[Opening INFORMATION SUPPLIED section]

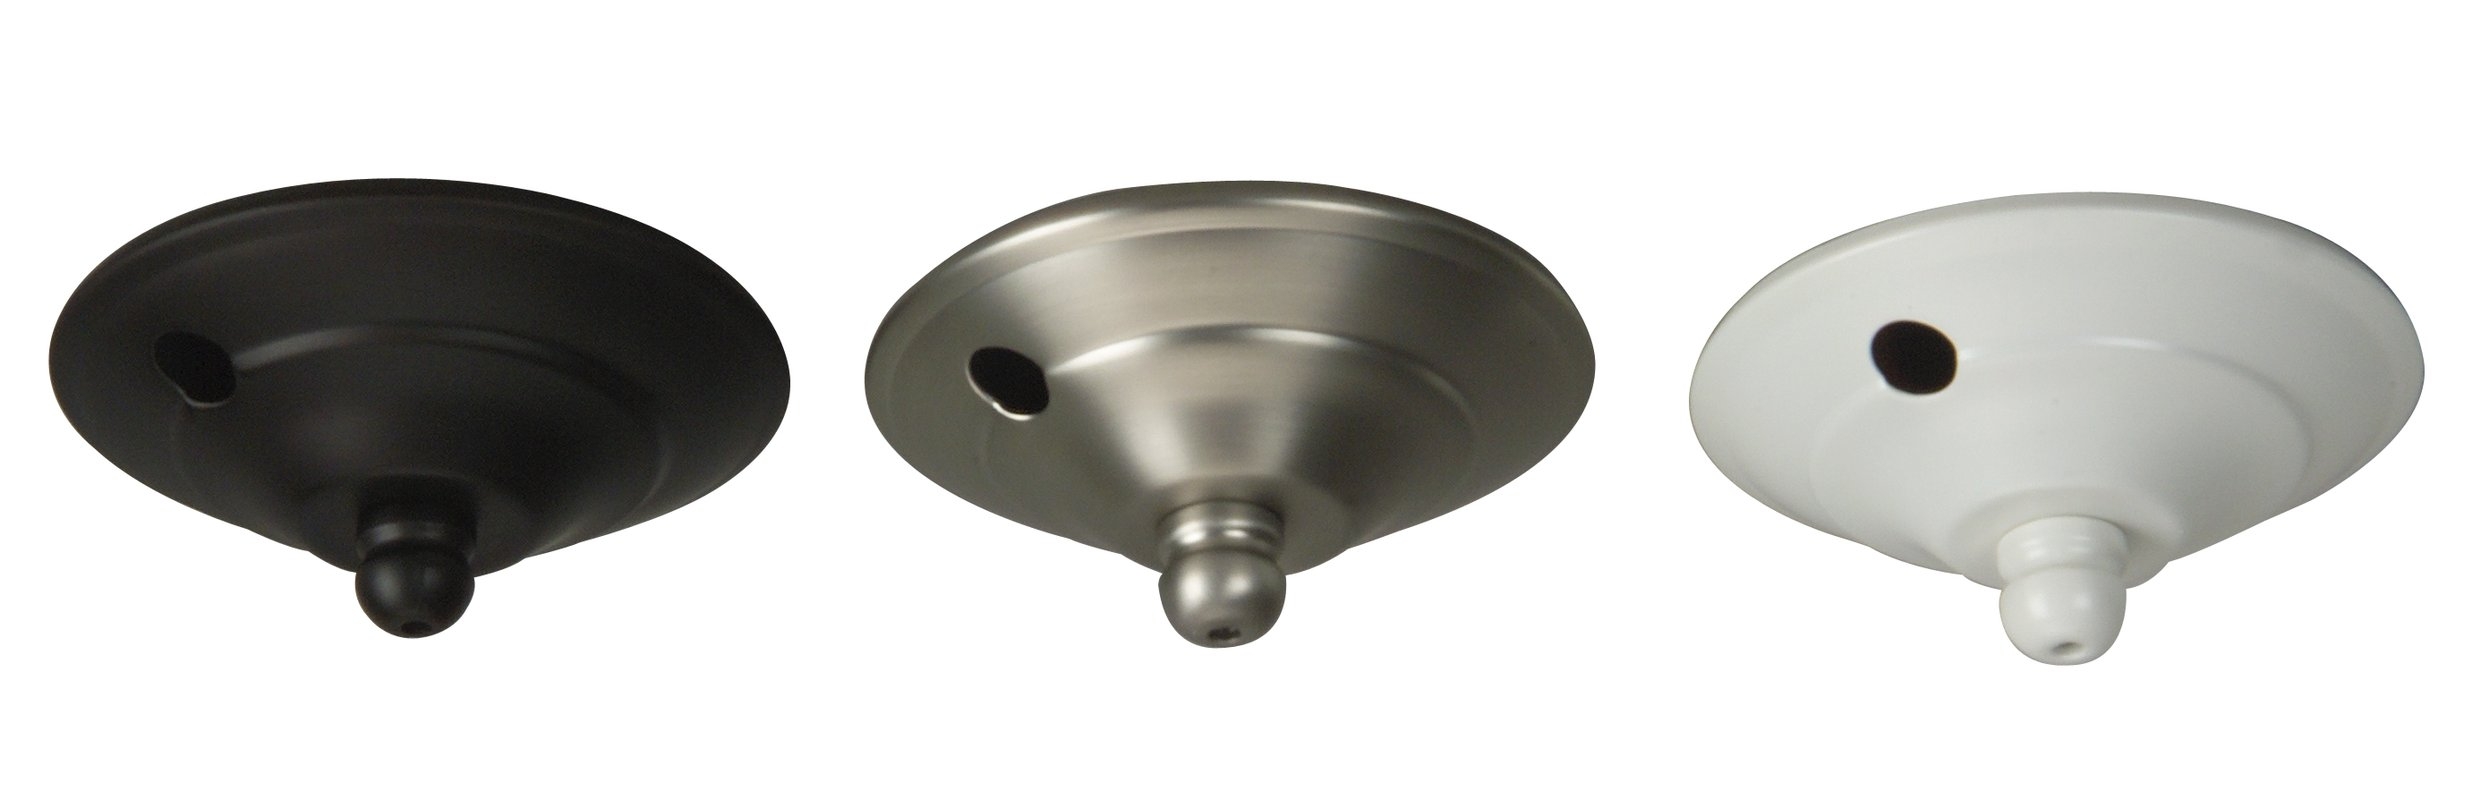 Ceiling Fan Light Cap10 facts about ceiling fan light cap warisan lighting
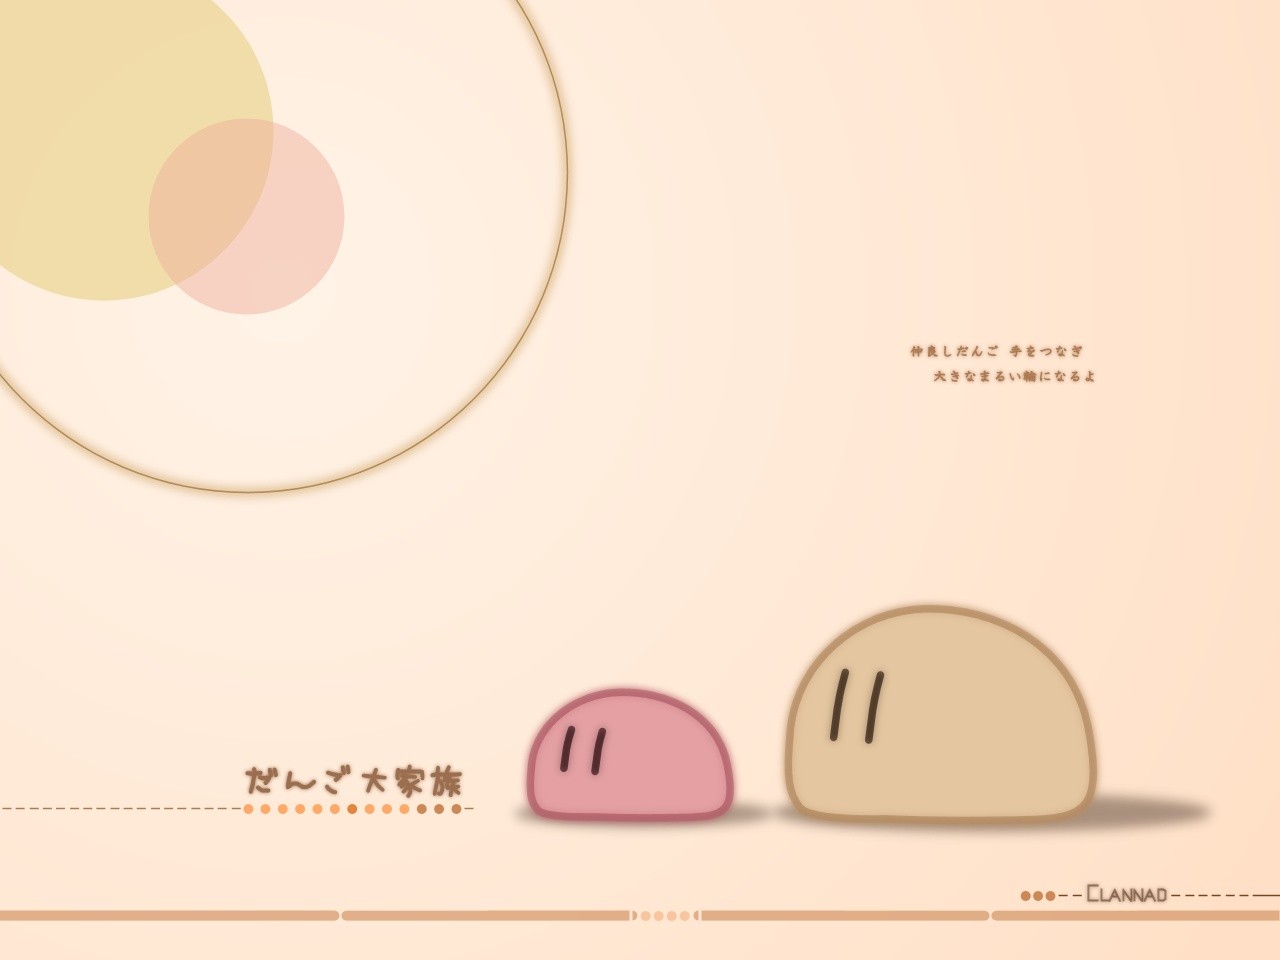 clannad ushio okazaki furukawa nagisa dango anime wallpapers hd desktop and mobile backgrounds
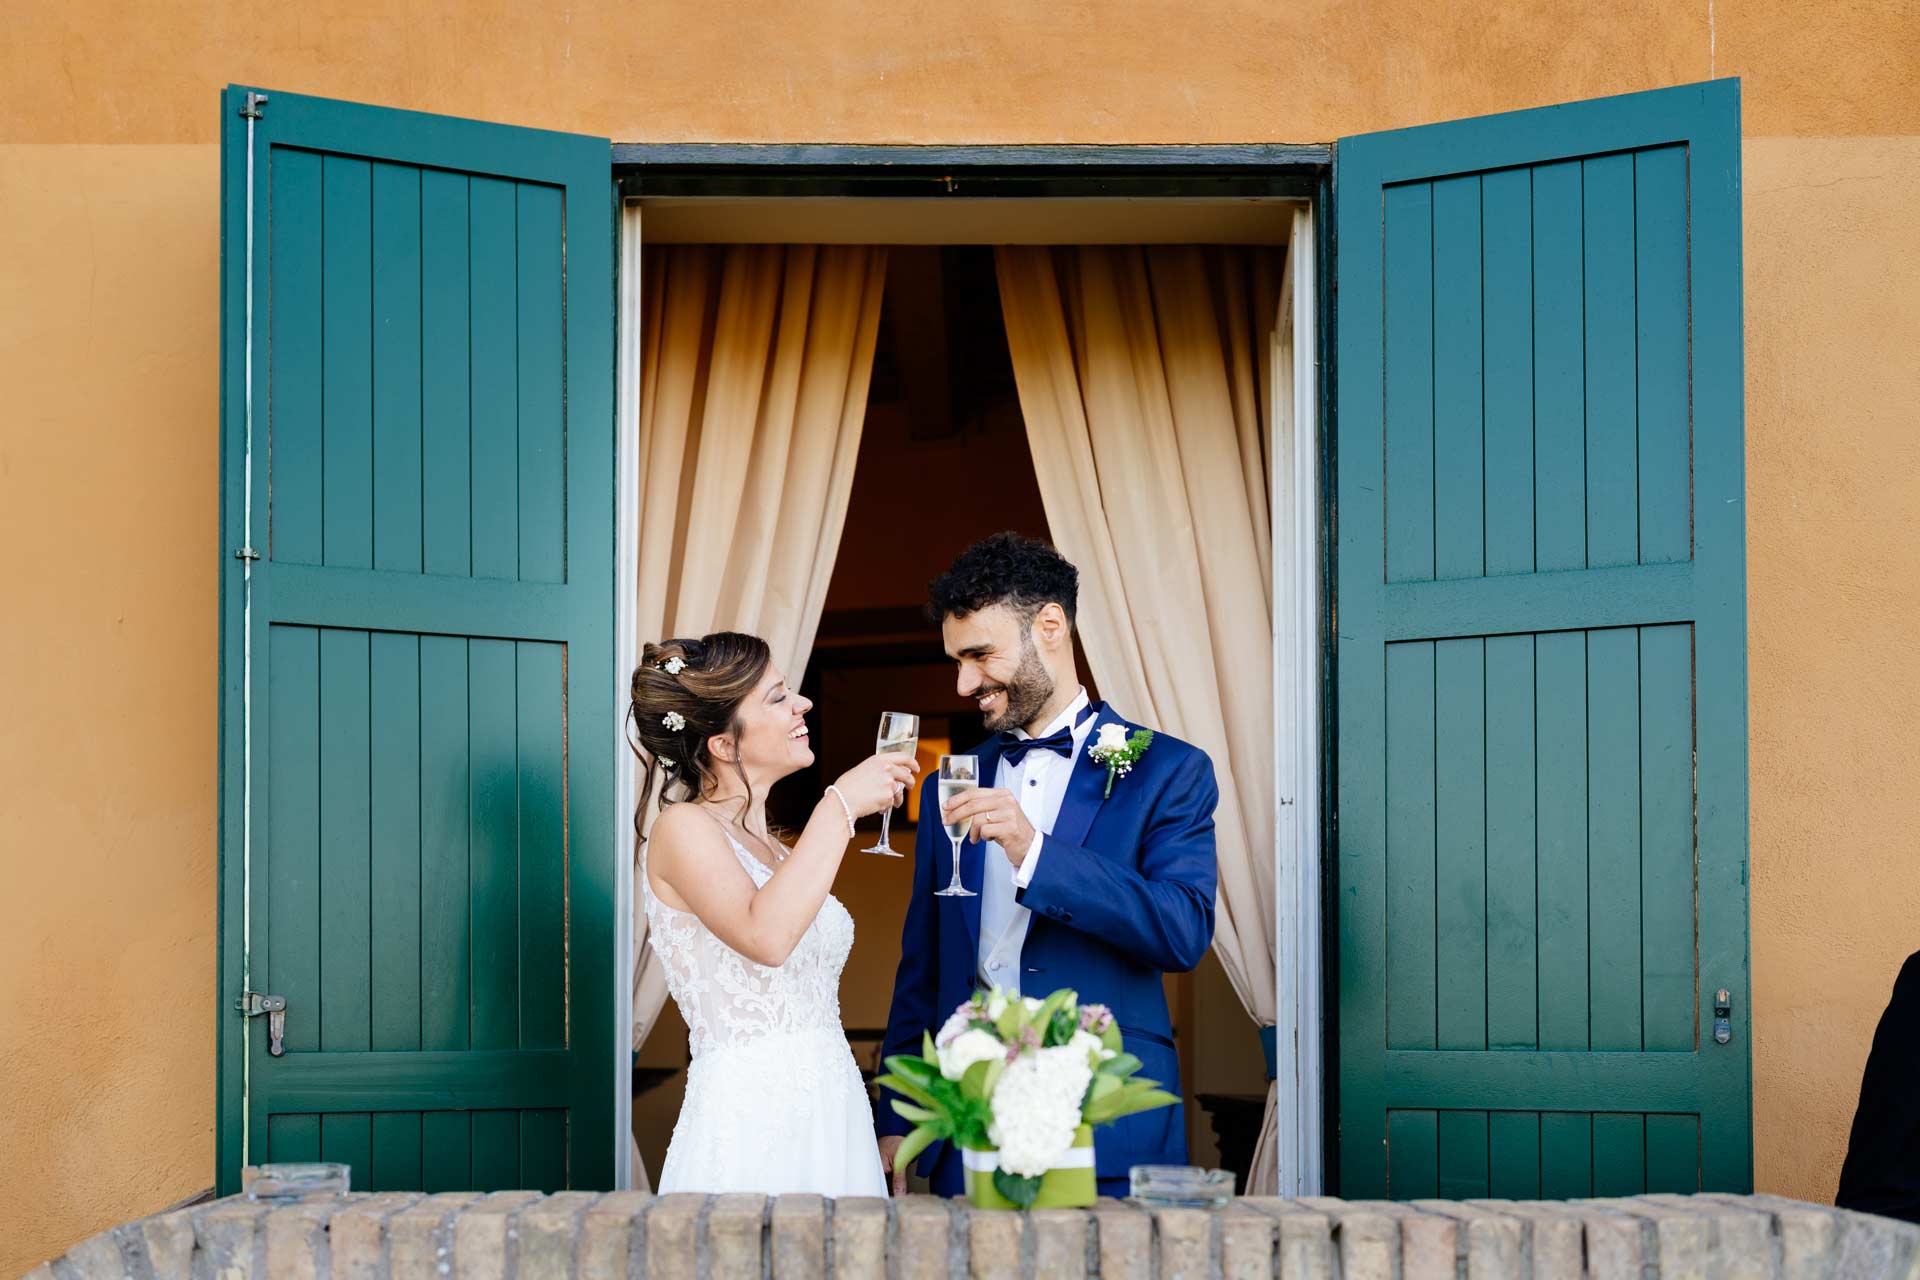 Sposi durante il ricevimento di Matrimonio a Roma nel Castello di Decima

[Closing INFORMATION SUPPLIED section]

Only the lines from the one containing "clannad ushio okazaki" through the final line of the data are to be written out, exactly as they stand and without pictures.

 clannad ushio okazaki furukawa nagisa dango anime wallpapers hd desktop and mobile backgrounds
 Sposi durante il ricevimento di Matrimonio a Roma nel Castello di Decima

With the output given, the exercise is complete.